A frota do Recife tem 6.125 táxis, a mesma desde 1977, quando entrou em vigor a lei que disciplina a atividade no município. O artigo 2º diz que o número de carros deve ser proporcional à população, na razão de um para cada 300 habitantes. Mas, na falta de estudos técnicos e numa época em que concessão de táxi servia também como moeda política, a lei já nasceu desrespeitando a própria lei. O Recife do início da década de 1980, segundo o censo do Instituto Brasileiro de Geografia e Estatísticas (IBGE), tinha 1.203.887 moradores. A proporção era de um táxi para cada 196 habitantes. Em 1995, o então prefeito Jarbas Vasconcelos, hoje senador pelo PMDB, assinou decreto proibindo novas permissões.

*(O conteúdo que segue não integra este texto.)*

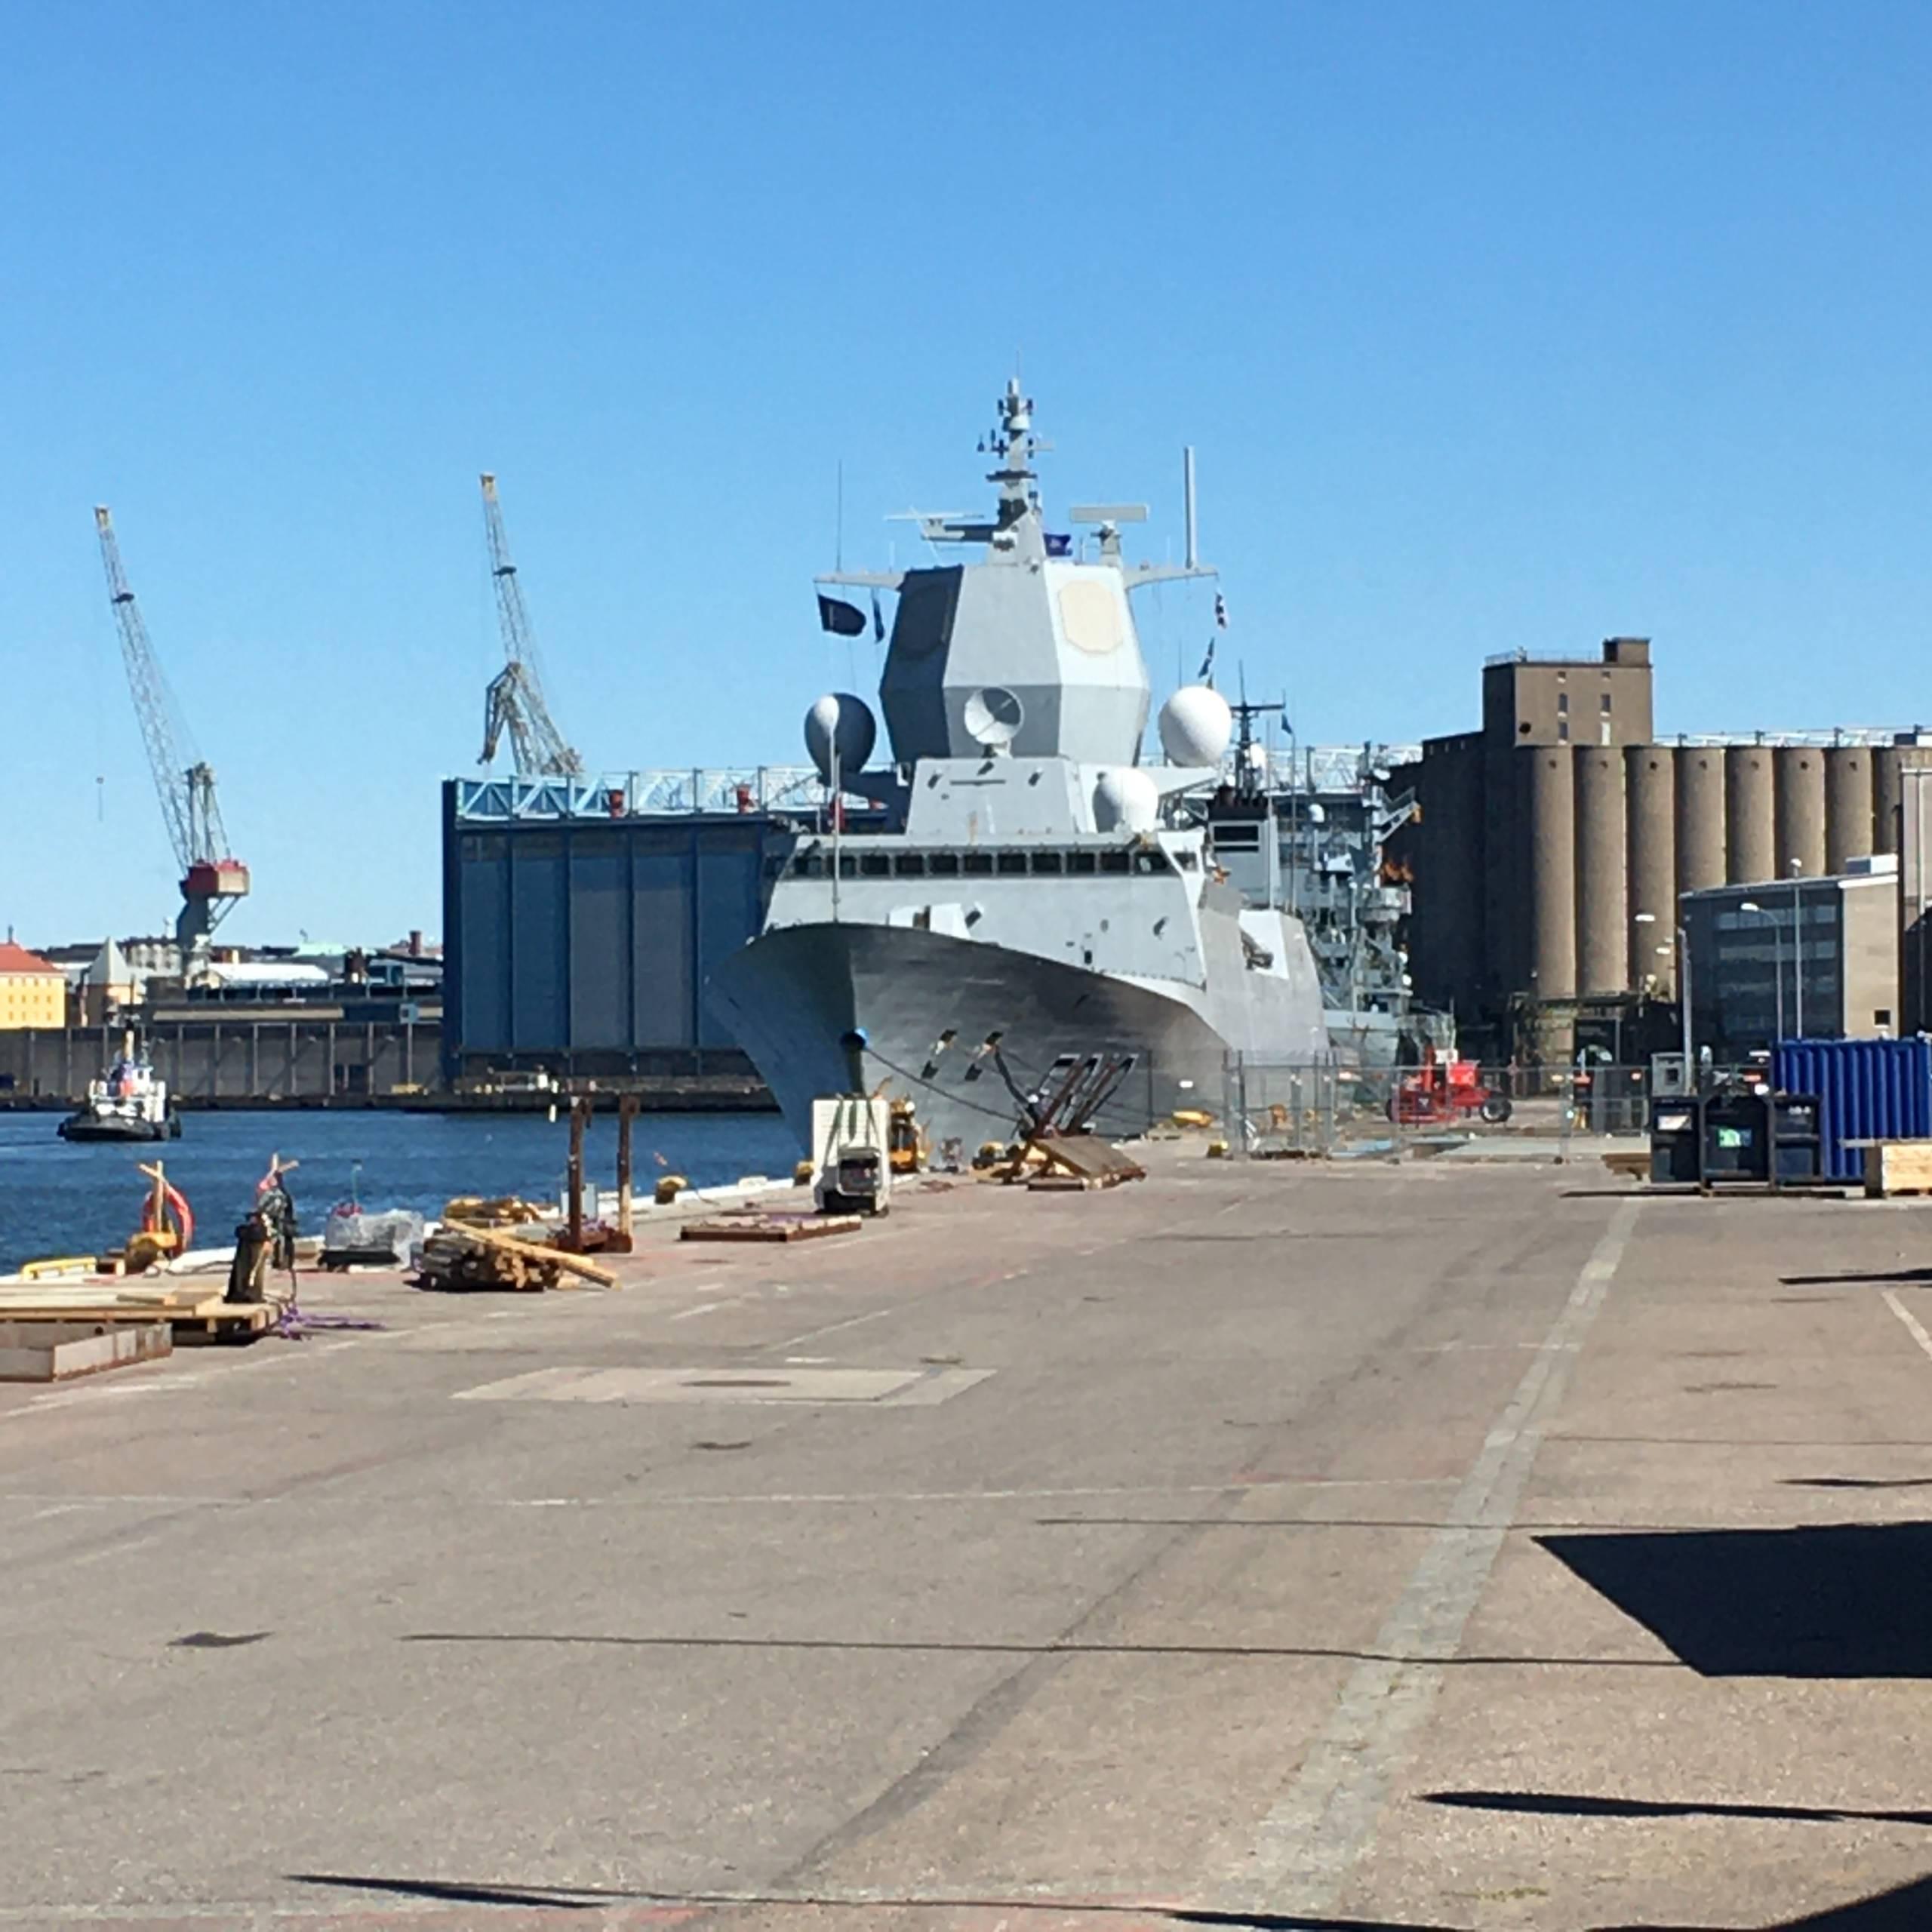 Helsinki harbour, spring 2020

Hoje, numa cidade com 334 mil pessoas a mais, a proporção de táxi é de um para cada 251 habitantes. E uma praça, como são chamadas as concessões, pode custar até R$ 100 mil, quando se encontra alguma à venda. No Rio de Janeiro, cidade que exportou o modelo de lei seca hoje adotado em Pernambuco, há um táxi para cada 192 cariocas.

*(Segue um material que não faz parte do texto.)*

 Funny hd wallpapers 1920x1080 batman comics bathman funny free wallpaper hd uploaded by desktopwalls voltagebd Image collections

Professor do Departamento de Arquitetura e Urbanismo da Universidade Federal de Pernambuco e um dos diretores da Associação Nacional de Transportes Públicos (ANTP), César Cavalcanti acredita que a ausência de táxis nas ruas à noite, nesta época do ano, pode servir como um desestímulo para o cidadão cumprir a lei seca. Ele avalia que a carência é muito mais de gestão do que numérica. Embora seja um profissional autônomo, registra o professor, o taxista é antes de tudo um permissionário do município. César Cavalcanti sugere a revisão dos termos das concessões, como meio de ordenar o serviço.

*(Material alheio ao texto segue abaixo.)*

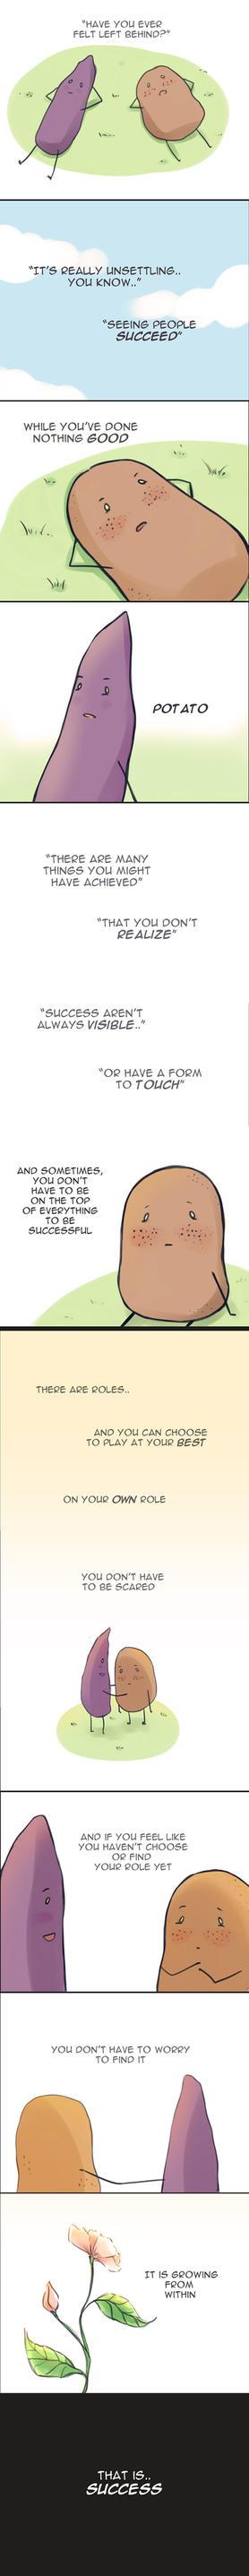 Potato story by roerow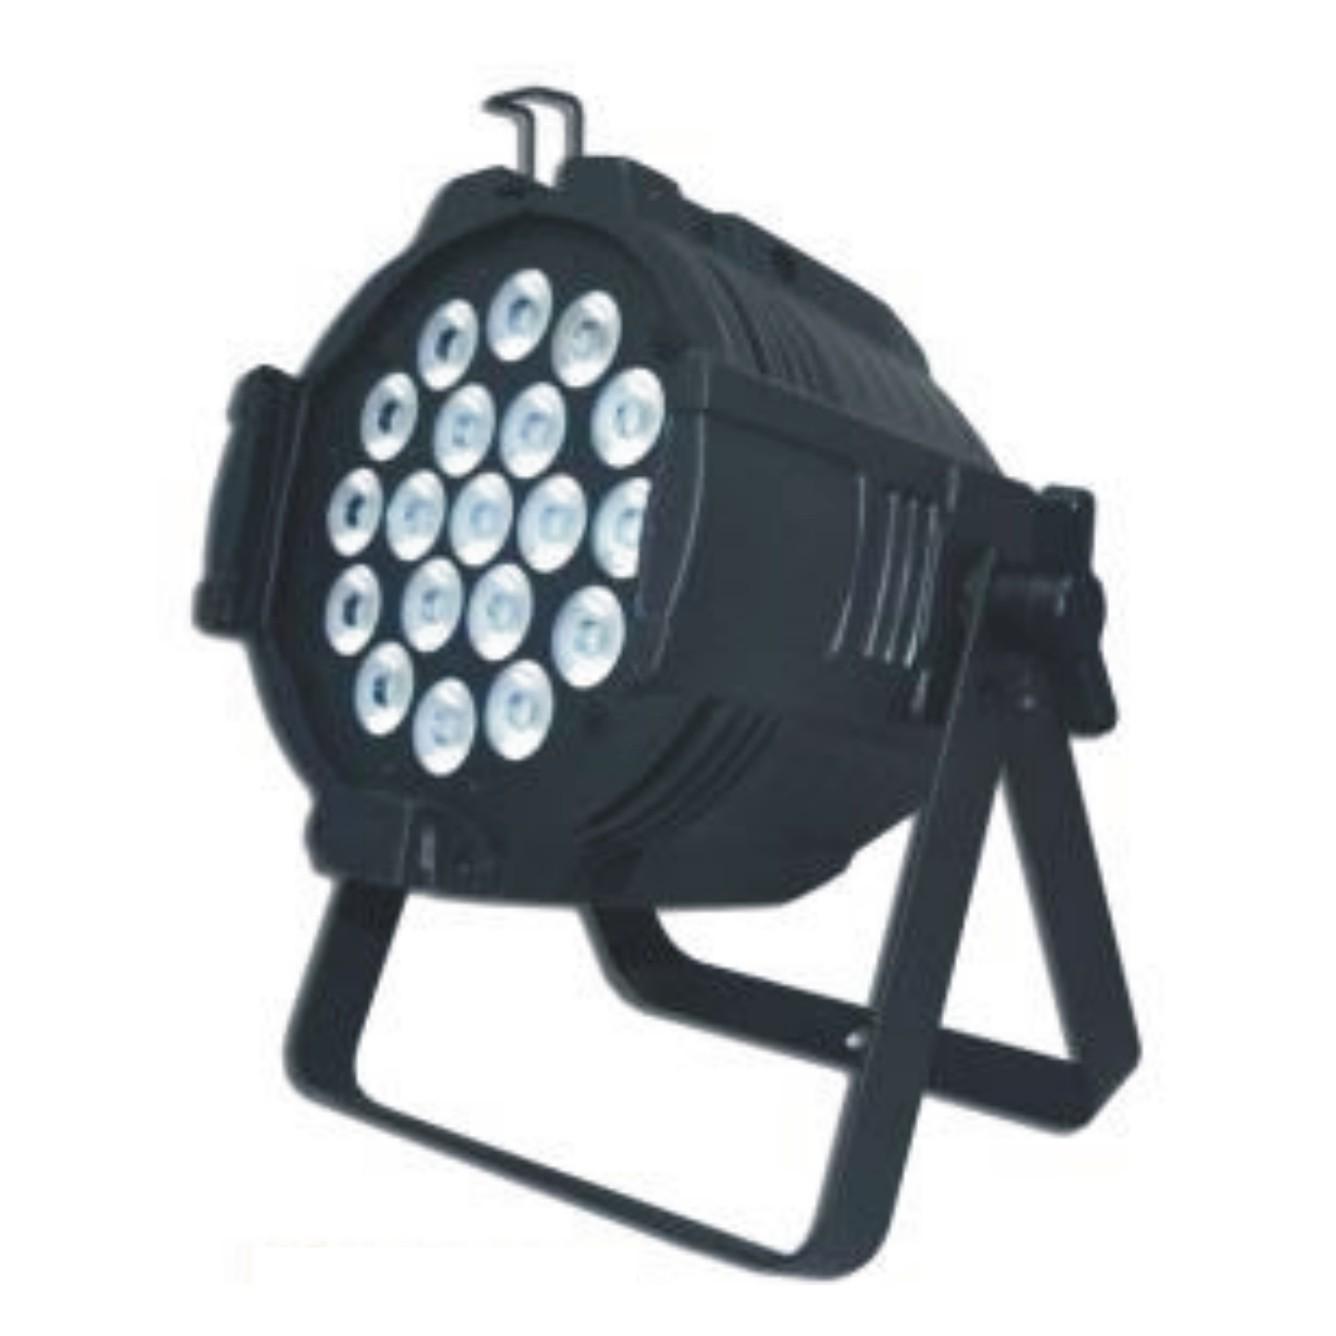 SL ePAR 180 LED PAR灯

Para reforçar a tese da necessidade de uma melhor gestão do serviço, ele cita como exemplo a cidade de Nova Iorque, com uma população de cerca de 8,1 milhões e 12 mil táxis. O dobro da frota recifense para atender uma população mais do que cinco vezes maior.
O superintendente da ANTP, Marcos Bicalho, segue o mesmo raciocínio. “É evidente que o aperto na lei seca gera uma demanda instantânea dos usuários. O serviço de táxis, de maneira geral, é pouco compreendido. Não é só um negócio feito com um carro. Mas um serviço público. Uma série de cidades tem normas, como escala de trabalho. A questão é que os táxis nunca foram uma pedra no sapato dos gestores, dos prefeitos. Antes, o problema eram as Kombis e as mototáxis”, analisa. Como boa iniciativa de gestão municipal na área, ele recorre a Palmas, capital do Tocantins. “Lá, quando há grandes eventos, a prefeitura monta pontos de táxi itinerante, com instalação de tendas identificadas e desmontadas após a programação.”